I recently came across an article about how a large chicken processor, Bell & Evans, has been experimenting with herbal medicine for its giant flock.
Chickens raised for meat and eggs have long been confined to coops that are more like big warehouses in which they have very little room and almost no time outdoors. Under these conditions, the birds are more susceptible to disease and have an unenviable quality of life.
One of the managers at the company had used oil of oregano to prevent illness in himself, and he came up with the idea to try it with chickens. Though no research has been performed on oregano's efficacy for preventing avian infections, there have been small, preliminary studies on mice, pigs, goats and sheep. The results have been promising, so maybe oregano will keep chickens healthier, thereby preventing overuse of antibiotics.

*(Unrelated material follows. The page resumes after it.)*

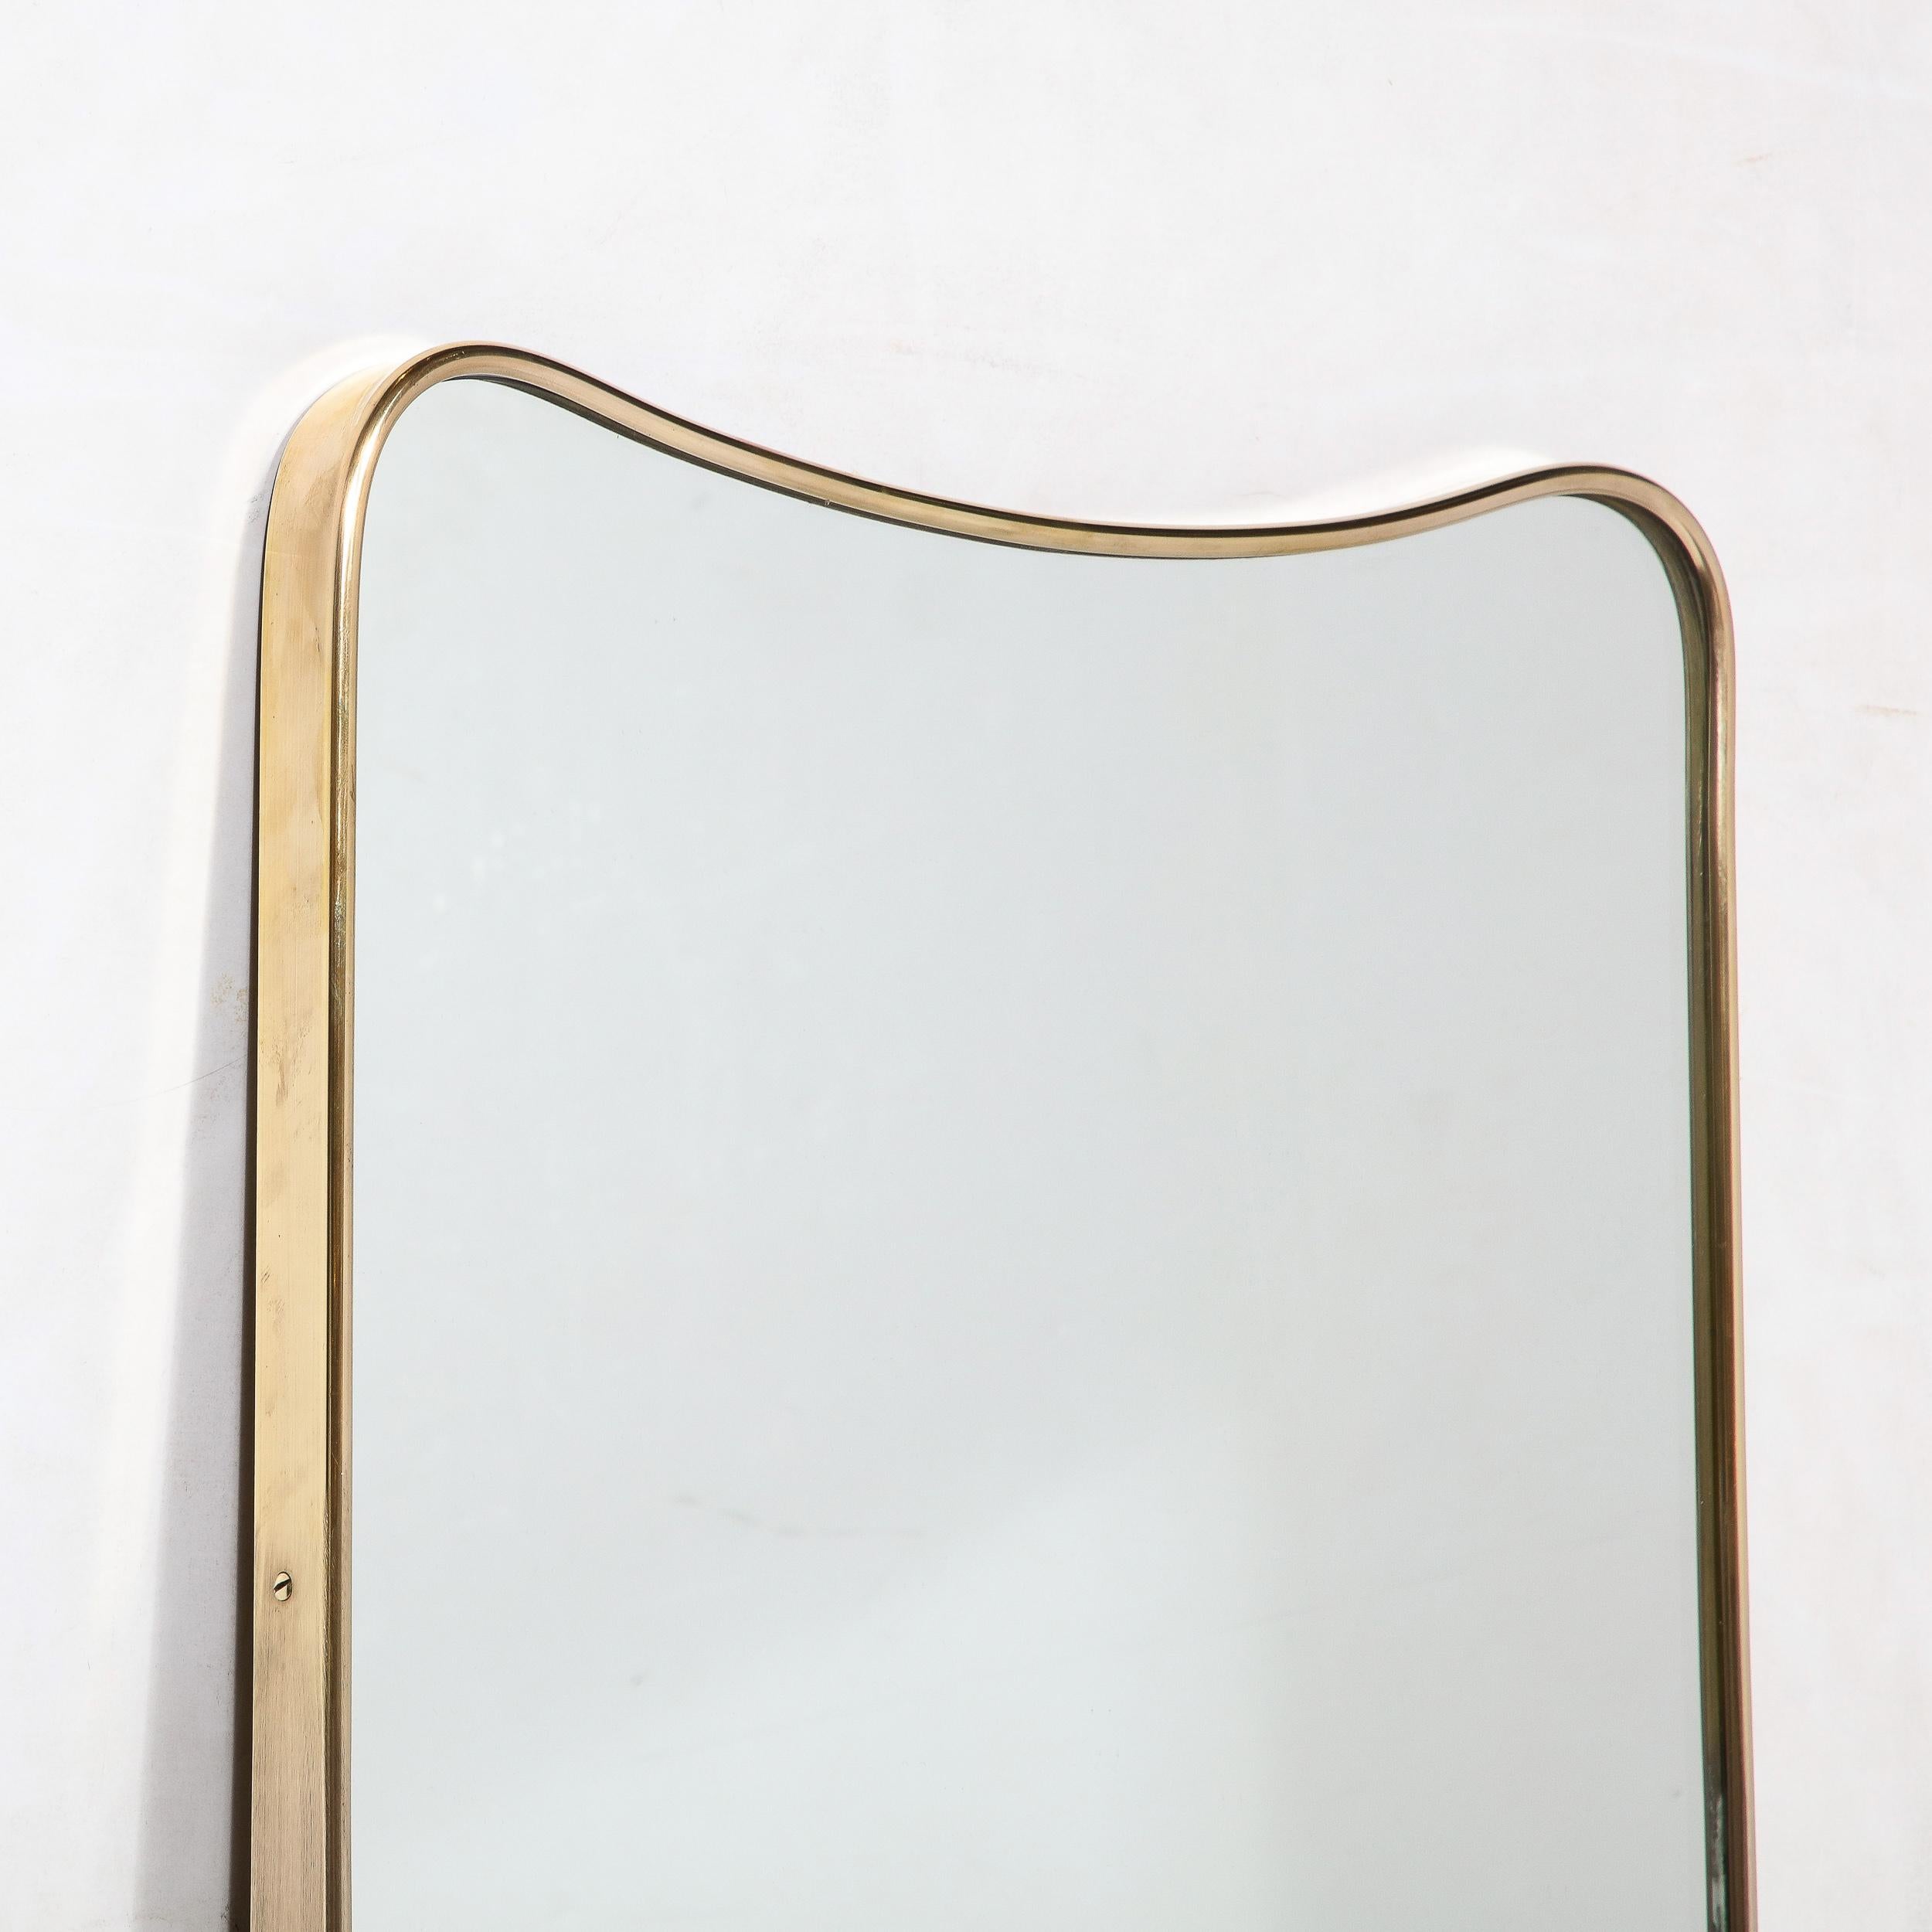 Mid-Century Modernist Brass Wrapped Mirror with Rounded Top Detailing 1

Oil of oregano has been a widely used remedy for various types of infections for some time. It contains a broad-spectrum, anti-microbial compound called carvacrol and various constituents that prevent bacterial and other types of infections. Companies have experimented with lining "active packaging" films with oregano oil to prevent foodborne infections such as salmonella and listeria.
I've long heard farmers say that animals — given the right environments in which to live — are fairly intuitive about their health and will root out medicinal weeds that keep them well. Some farmers grow herbs for their flocks and herds on purpose.
When I visit my friend's farm in Talent, his chickens seem to naturally diversify their diets as much as possible. I see them eating everything from fruits to seeds and leafy greens. He barely feeds them cracked corn because they're out and about eating as they choose, pecking at cow droppings and compost for bugs and other morsels all day long.
Though he's told me about losing birds to foxes, raccoons and other critters, I've yet to hear that he's lost one to disease.
On commercial chicken farms, however, the birds' diets are far less diverse, creating an opportunity for oregano.
Oregano isn't the sole anti-microbial herb common to the garden. Thyme has long been used as an expectorant. Thanks to their aromatic oil content, many culinary herbs also help with gas after meals, known in herbal parlance as carminative action.
Sage has been used for excess nasal secretions, sore throat and laryngitis.
Fennel is another carminative, and its seeds prepared as tea can help colicky babies. Moreover, it helps nursing mothers initiate and improve milk secretion, and when the time is right, sage — on the other hand — can be equally useful at drying up milk supplies, serving as an anti-galactagogue.
Now, what was that about chickens? Oh yeah, which came first: the chicken or the oregano?